Generally-Occurring Model Change for Robust Counterfactual Explanations
Ao Xu, Tieru Wu
TL;DR
This work addresses the robustness of counterfactual explanations under changing decision models. It generalizes the prior Naturally-Occurring Model Change concept to Generally-Occurring Model Change (GOMC) and provides probabilistic guarantees that quantify how counterfactuals behave when the underlying model shifts, even beyond Gaussian neighborhood assumptions. A key theoretical result bounds the discrepancy between original and updated predictions in terms of neighborhood data and distributional changes, with a clear link to Lipschitz continuity and subgaussian variability.
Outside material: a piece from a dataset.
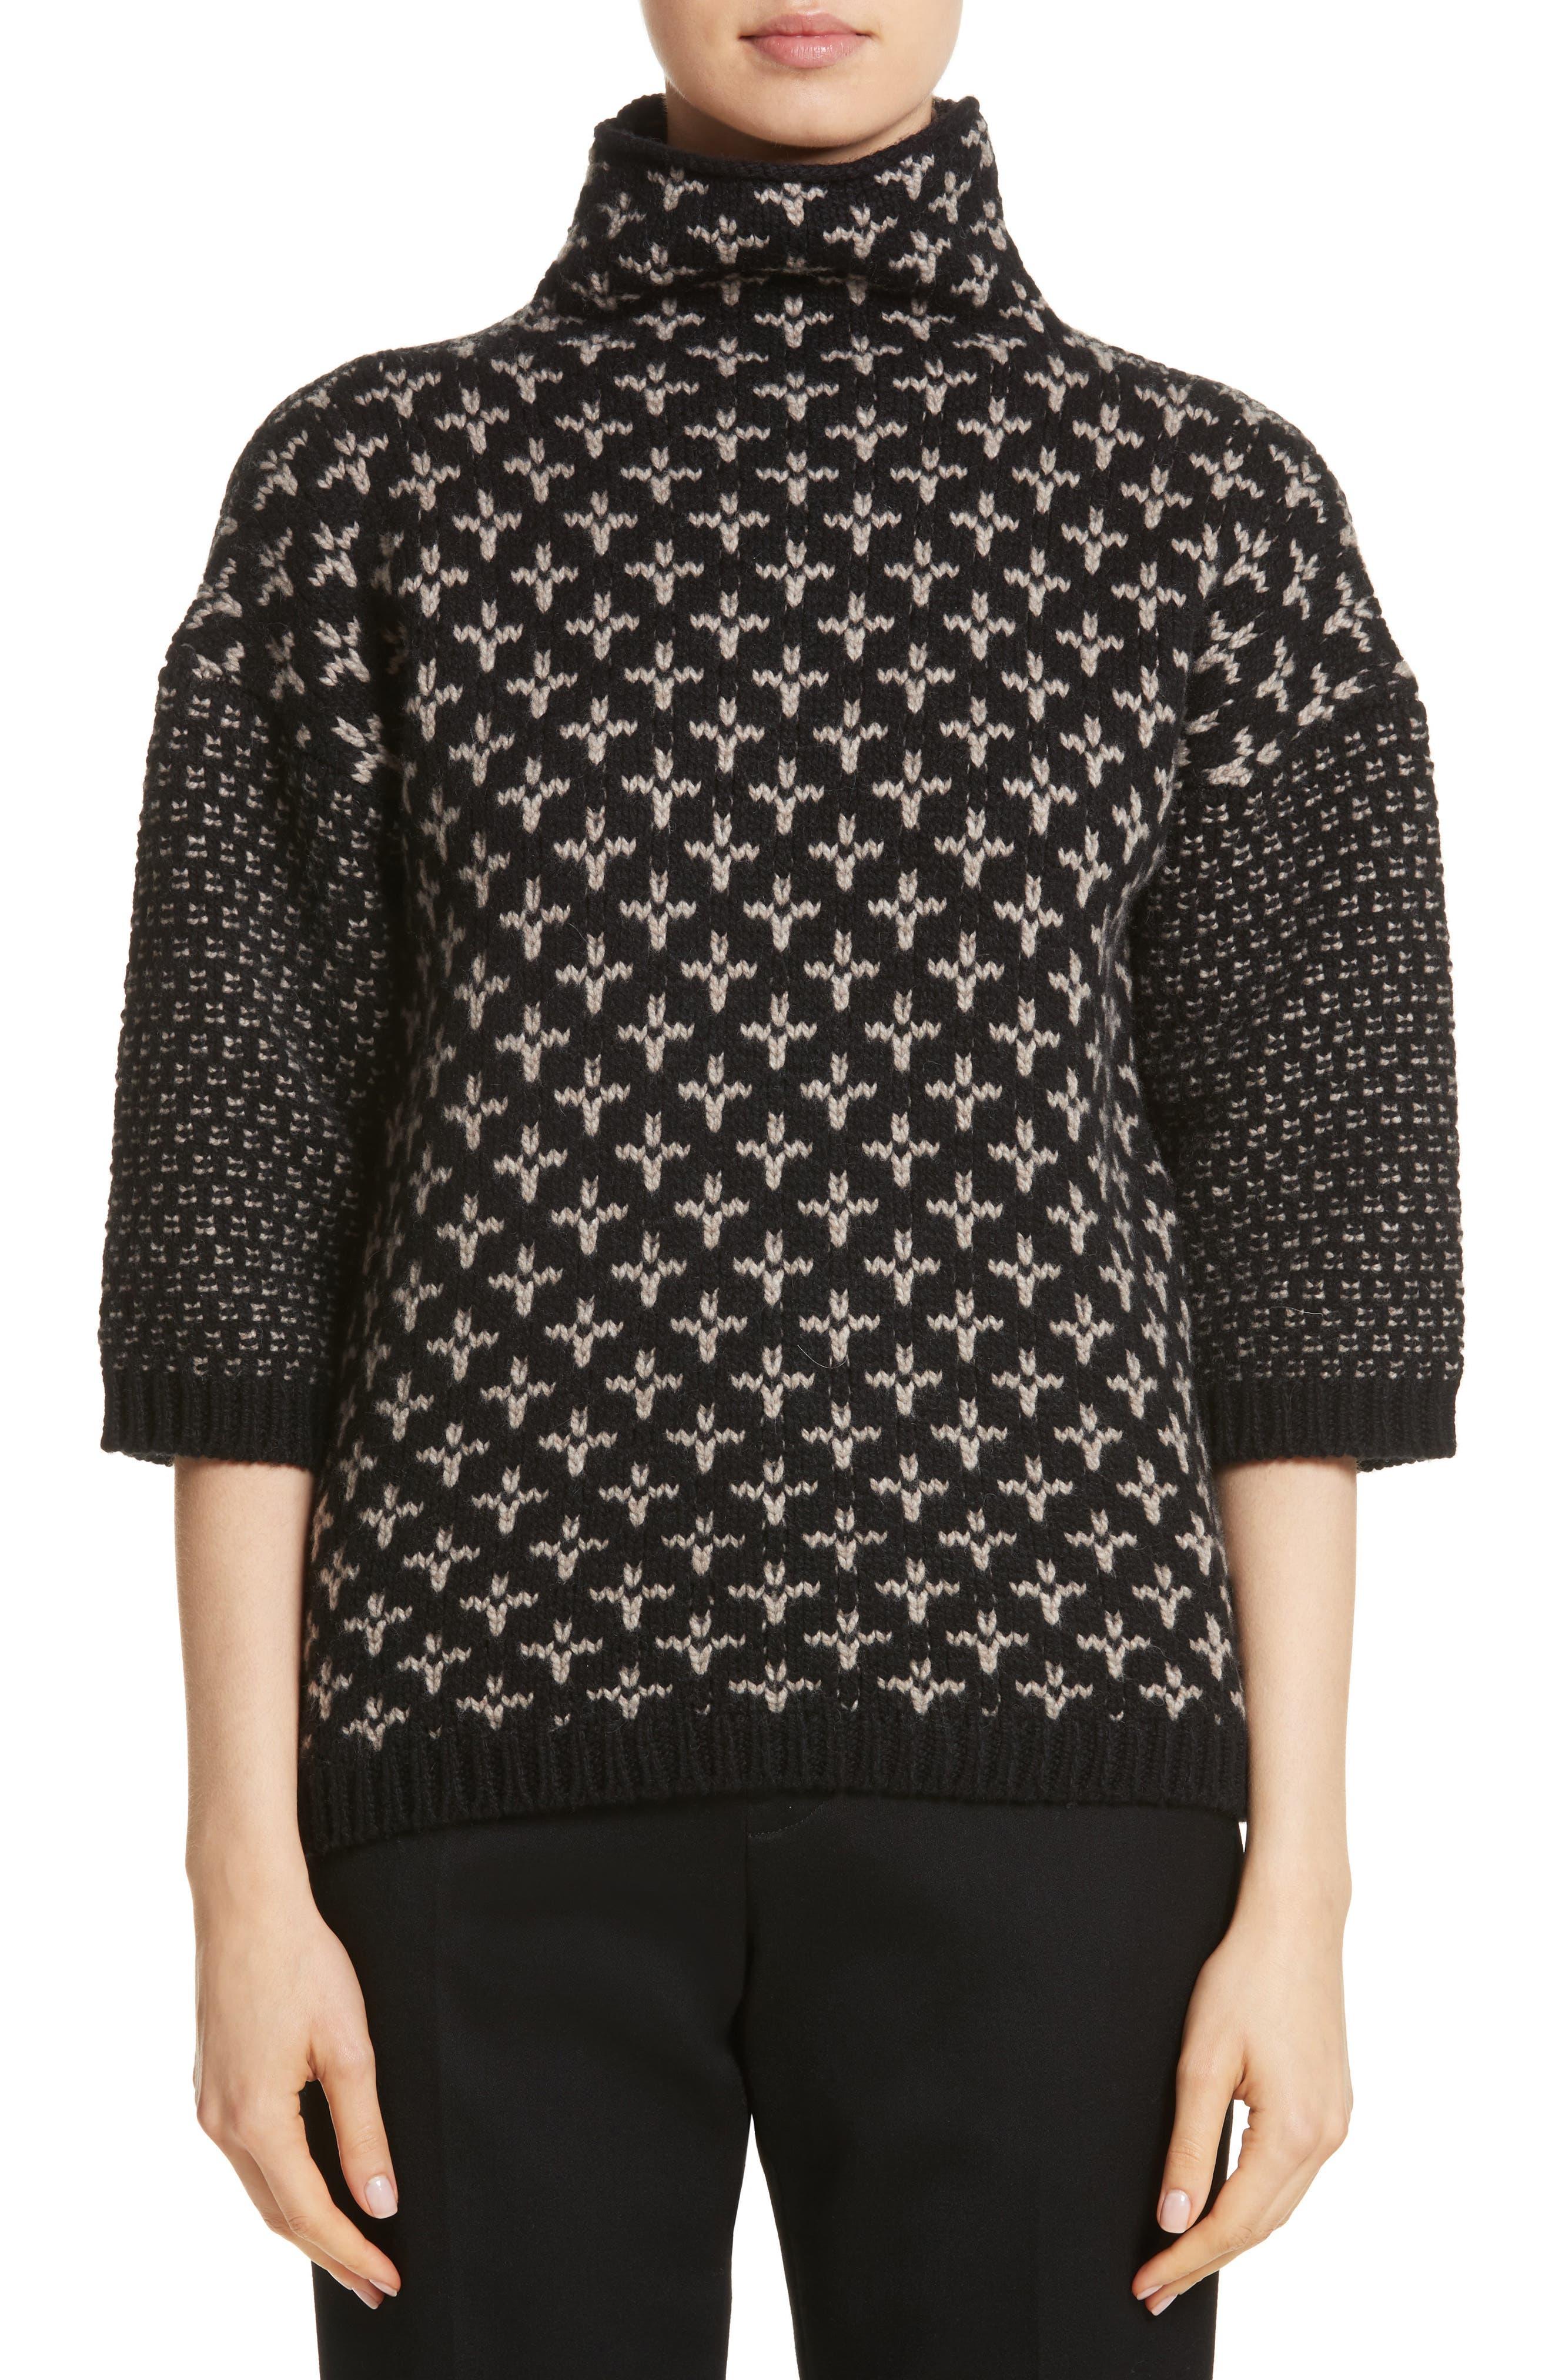 Main Image - Max Mara Rana Wool & Cashmere Sweater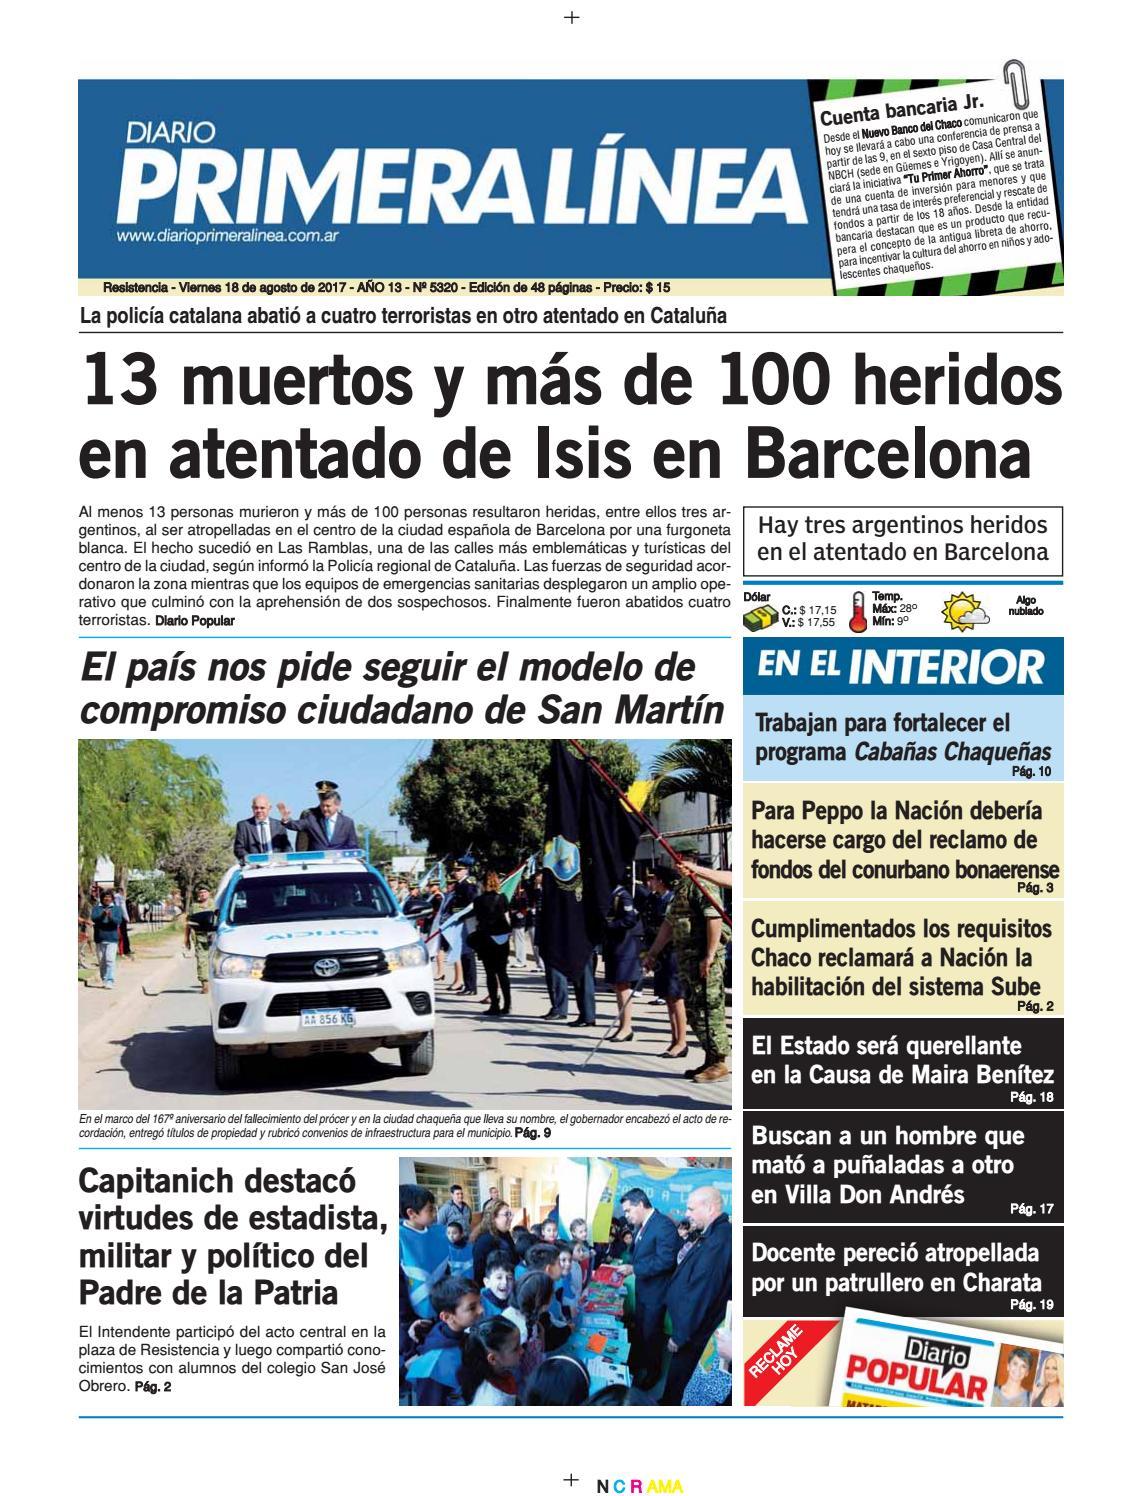 Linea 18 08 Diario Línea Issuu 5320 17 Primera By 29WHDEI

The paper further applies the framework to a dataset perturbation case study, deriving concrete bounds under gradient-based learning and positioning GOMC as a wider, optimization-theory-backed tool for ensuring robust recourse. Overall, this work enhances reliability and interpretability of counterfactual explanations in dynamic settings with practical implications for robust decision-support systems.
Abstract
With the increasing impact of algorithmic decision-making on human lives, the interpretability of models has become a critical issue in machine learning. Counterfactual explanation is an important method in the field of interpretable machine learning, which can not only help users understand why machine learning models make specific decisions, but also help users understand how to change these decisions. Naturally, it is an important task to study the robustness of counterfactual explanation generation algorithms to model changes. Previous literature has proposed the concept of Naturally-Occurring Model Change, which has given us a deeper understanding of robustness to model change. In this paper, we first further generalize the concept of Naturally-Occurring Model Change, proposing a more general concept of model parameter changes, Generally-Occurring Model Change, which has a wider range of applicability. We also prove the corresponding probabilistic guarantees. In addition, we consider a more specific problem, data set perturbation, and give relevant theoretical results by combining optimization theory.